Nesse contexto, a avaliação crítica dos processos de acesso aos medicamentos por via judicial pode fornecer subsídios para planejamento e elaboração de estratégias com a compreensão compartilhada dos agentes indutores, condutores, facilitadores e decisores16. Assim, o objetivo deste estudo foi identificar compreensões e ações dos agentes envolvidos nos processos judiciais para acesso aos medicamentos, na perspectiva de elaborar ou aperfeiçoar estratégias já vigentes.

 

MÉTODO

Tipo de estudo: trata-se de estudo qualitativo de natureza descritiva e analítica, a partir do material transcrito de palestras de convidados para um evento sobre judicialização da saúde.

O evento: Consistiu de Reunião Técnica e Fórum realizados no período de 22 a 24 de junho de 2007, no município de Ribeirão Preto (SP). Na Reunião Técnica e no Fórum estavam presentes 93 e 162 participantes provenientes de 23 e 35 municípios, respectivamente. Os palestrantes foram agrupados de acordo com a função que exerciam à época como: gestores (federal e municipal), prescritores, mídia, pesquisadores, defensores públicos e privados, ministério público, judiciário e usuário dos serviços e tecnologias de saúde (Tabela1).

Coleta dos dados: Os dados do estudo são representados por todas as palestras que foram gravadas e armazenadas em sistema audiovisual.

Transcrição das falas: os textos utilizados neste estudo foram obtidos pela transcrição das falas dos palestrantes por contratado independente e os pontos inaudíveis foram excluídos e desconsiderados. Uma das apresentações do total do grupo dos gestores foi irremediavelmente perdida.

Leitura e análise dos textos transcritos: Todos os pesquisadores envolvidos na publicação tiveram acesso aos textos transcritos e realizaram as leituras. Para ordenar e organizar o material do estudo utilizou-se o método de análise do Discurso do Sujeito Coletivo (DSC) que permite organizar o conjunto de discursos verbais de um grupo de sujeitos sobre um determinado tema8.

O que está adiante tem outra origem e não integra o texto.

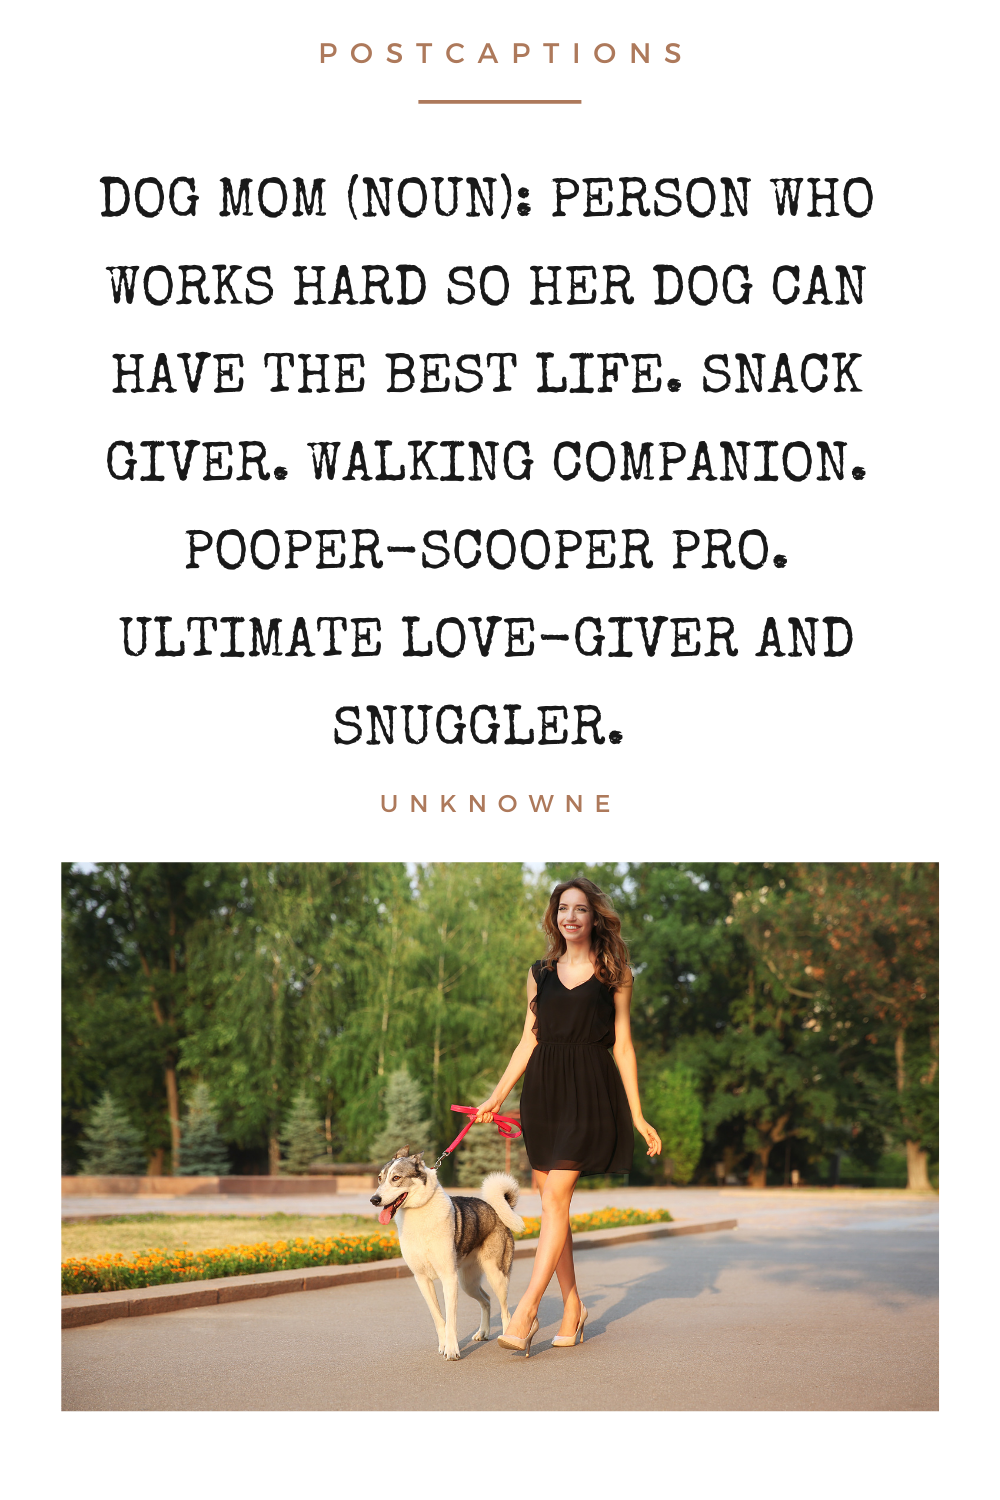 Dog mom quotes for Instagram

Para ordenar os discursos foram empregadas as buscas de palavras-chave ou unitermos que representam uma ou mais palavras ou expressões. Os unitermos pesquisados nos textos foram: aç(ão; ões), acess(o; ibilidade), assist(ência; ida(o), direito, equidade, farm(acêutica(o); ácia), gast(o; a; ou), gest(ão; or), indústria, judic(ial; ialização), just(iça; ificativa), laboratório, médico, medic(ação; amento), munic(ípio; ipal), orçamento, paciente, pessoa(l), política, prescr(ição; tor; eve(u), recurso, remédio, responsa(bilidade; vel), saúde, social e usuário.

Os termos indústria + laboratório, paciente + pessoa + usuário e remédio + medicamento foram agrupados. Os unitermos foram quantificados mediante busca pelo termo e pelo autor do discurso e tabulados em uma planilha em Excel®. Foram também computados o número total de palavras de cada palestrante para possibilitar o cálculo de percentuais em relação ao número total de palavras.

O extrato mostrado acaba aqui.